Outsourcing has become an extremely popular business formula in the highly competitive world, over the past decade. It is a business strategy, through which an organization contracts out key tasks to service providers, for achieving a business solution. In the present era, every other sector leverages outsourcing policies in some form or the other. The financial and banking sector is also not lagging behind. Amplifying competition in the banking sector has compelled banks to outsource some of their activities.
In 2005 the Reserve Bank of India (RBI) drafted the ‘Outsourcing’ policy which mentions the usage of third party in the Indian banking sector. This ‘third party’ is defined as either an associated body within a corporate group or an external entity, which can execute operations on a continuing basis. By outsourcing activities, banks can shrink its risk by assigning activities to others with better capabilities and scale to manage the associated risk. Since then, the Indian banks have started outsourcing their services to be on the top of the race. This blog concentrates around the outsourcing challenges faced by Indian banks and what measures can be taken to avoid it.

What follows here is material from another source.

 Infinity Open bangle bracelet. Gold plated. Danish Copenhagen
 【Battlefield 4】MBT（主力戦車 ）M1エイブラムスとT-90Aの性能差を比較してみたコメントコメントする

Indian banks mostly outsource non-core services. This includes conserving and managing of software and hardware, maintaining data centers, supporting software application, disaster management and smooth execution of ATM networks across the country. Non-core support services such as help-desk support, call-support services, credit card processing, ATM Cash replacement, loan servicing, data mining, etc., are taken care of through outsourcing. Lately, Axis Bank has outsourced its technical services. Often a team of professionals looks after the performance of ATM from a distant center and externally supports the banks through their domain expertise. The public sector banks of India are also not untouched by the policy of outsourcing. Bank of India (BoI) signed an outsourcing contract with India Switch Company in 2002. State Bank of India (SBI) outsources its networking services of ~1,500 branches and ~3,000 ATMs to Data craft. Similarly, Yes Bank, a private bank has signed an outsourcing deal with Wipro InfoTech. Thus, Indian banks outsource in order to enhance efficiency by reducing cost, and focus more on core banking. Indian banks save around 30-40% through outsourcing compared to any other captive outsourcing units.

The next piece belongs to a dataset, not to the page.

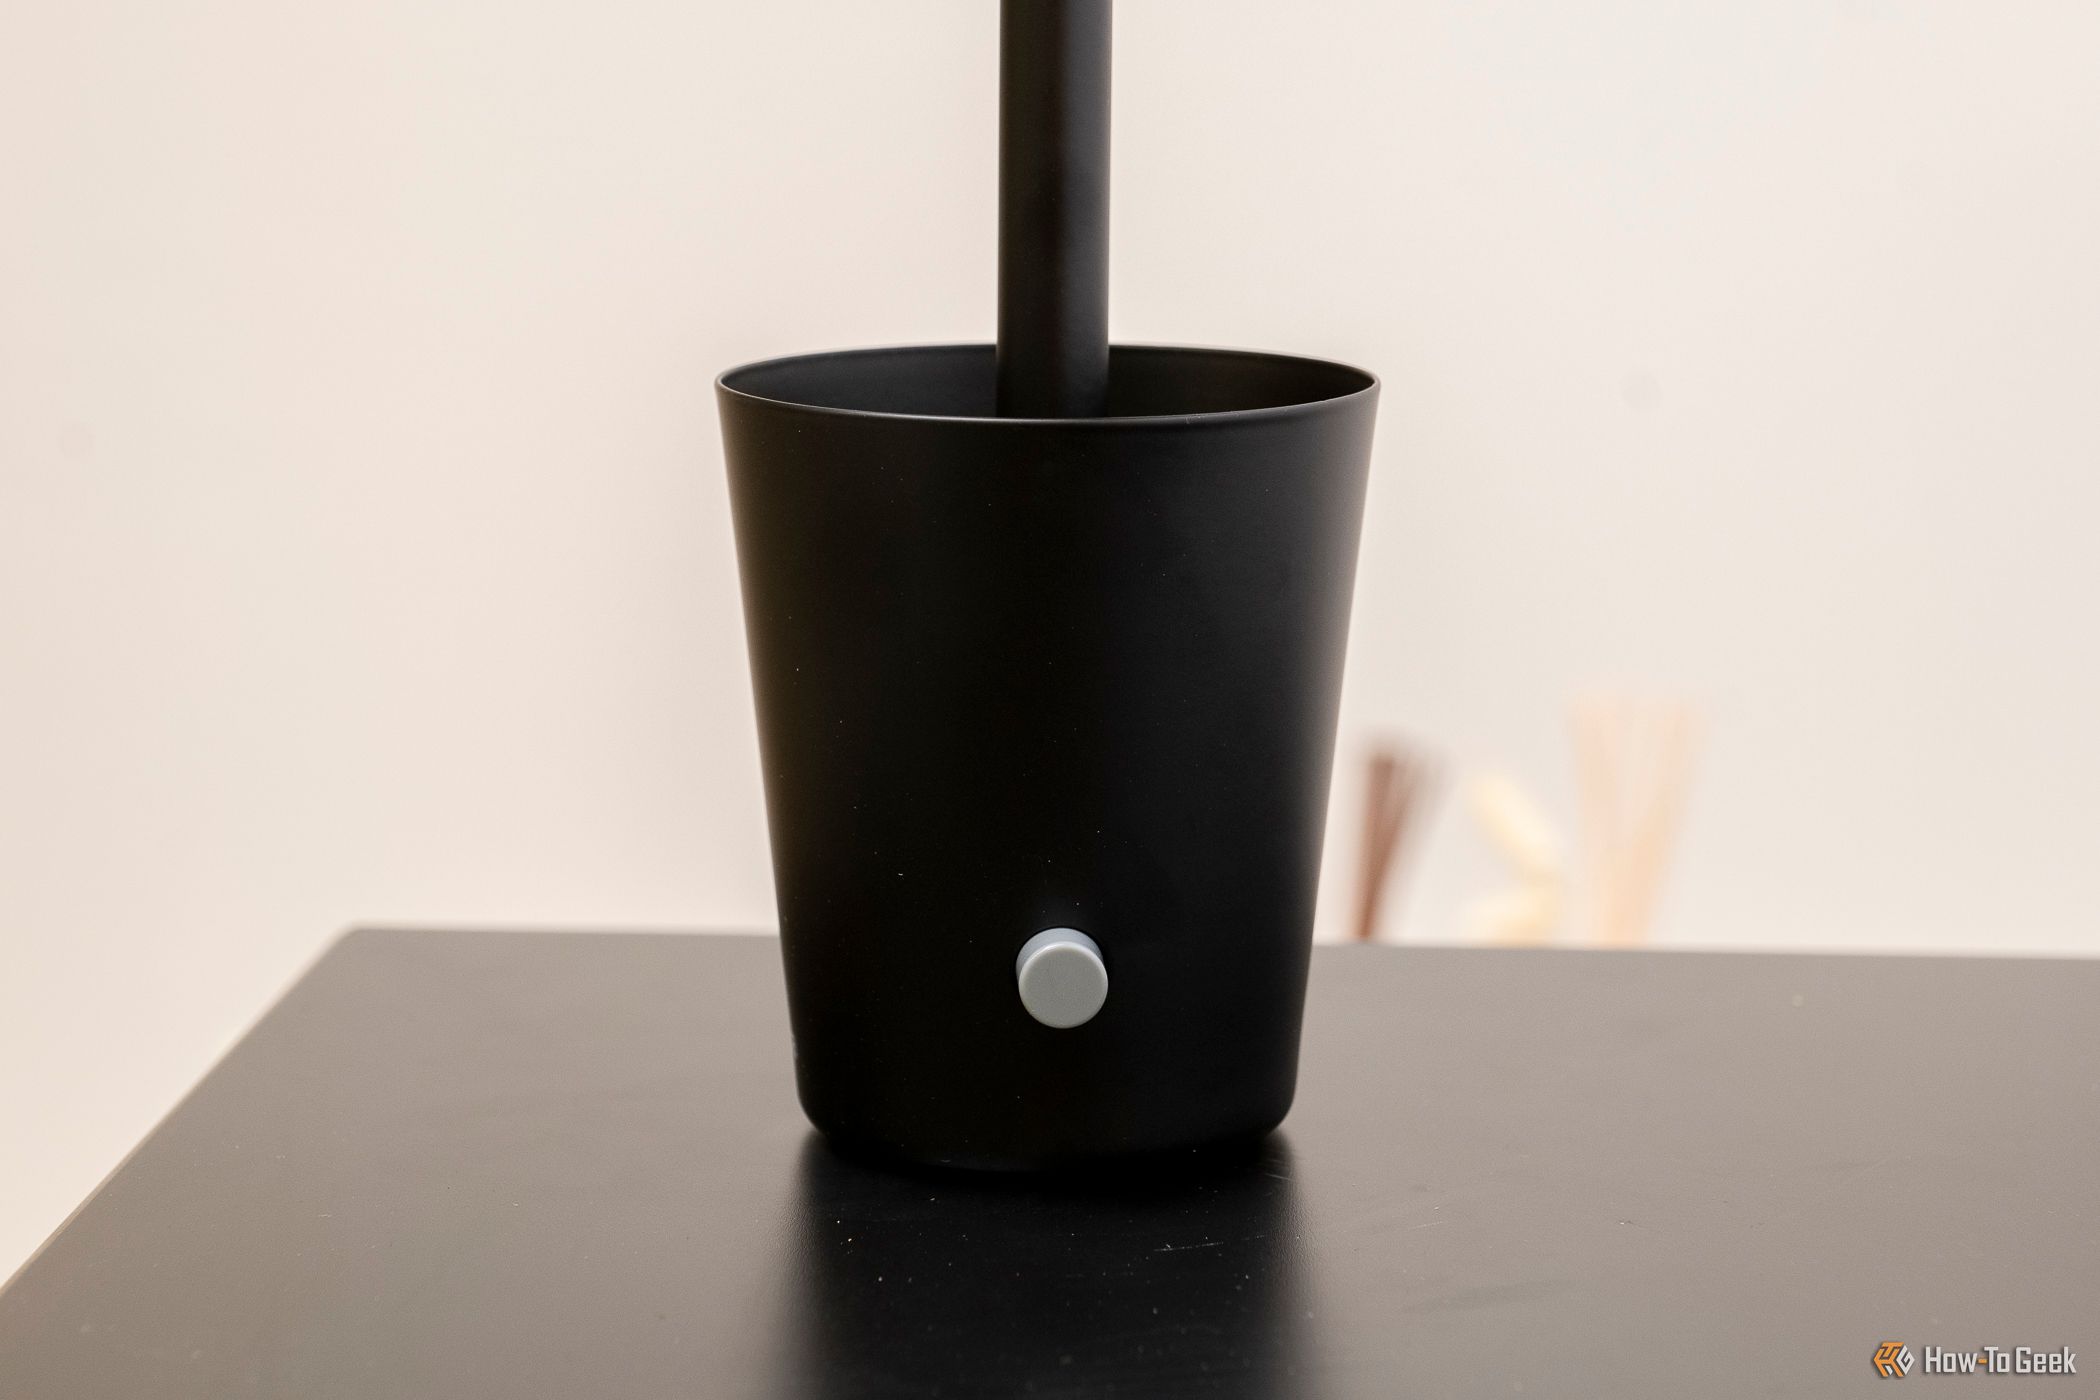 The Nanoleaf Umbra Cup Smart Lamp power knob

With the increasing outsourcing activities in the Indian banking sector, there lies inherent risks that needs to be identified and requires attention for risk mitigation. A huge section of banks creates in-house working center, known as Captive BPO’s. These Captive BPOs are like small firms that create their own delivery center internally at a fixed cost. The first and foremost risk associated with such a process is security. There must be a complete security mechanism to deal with the huge amount of data that are available with them. Over reliance on such centers can lead to leakage of important information and eventually, loss of control over the business. Insufficient knowledge to supervise the service provider, poor service from the third party, third party practices not in line with listed bank practices, operational risk from the service provider’s end, insufficient financial capability to fulfill requirements, inappropriate credit assessments, are some of the most commonly associated risks. Additionally, political, social climate and complex business continuity planning bring out further challenges.
To overcome the challenges, the banks should not enter into an agreement with the service provider where there might be a clash of interests. Adequate control over the service provider is highly essential. Crucial activities which includes, account opening, sanctioning loans, investment portfolio management, should never be outsourced. The bank should ensure that the service provider does not leak information or data such as asset records, deposits and withdrawals. A service provider or third party should not have a stake in the bank. Additionally, the senior management should be bestowed with powers to evaluate the risks involved in outsourcing and a board should be responsible for its approval. The board should intermittently review the outsourcing arrangement and keep a check on its relevance. The capabilities of the service provider should be evaluated and made sure that they match the expected standard of the bank. The third party should only be involved after sufficient research. It is advisable not to let the concentration of outsourcing activities with a single provider by a large number of banks. Finally, due diligence along with adequate legal help is required for drafting the contract with the third party.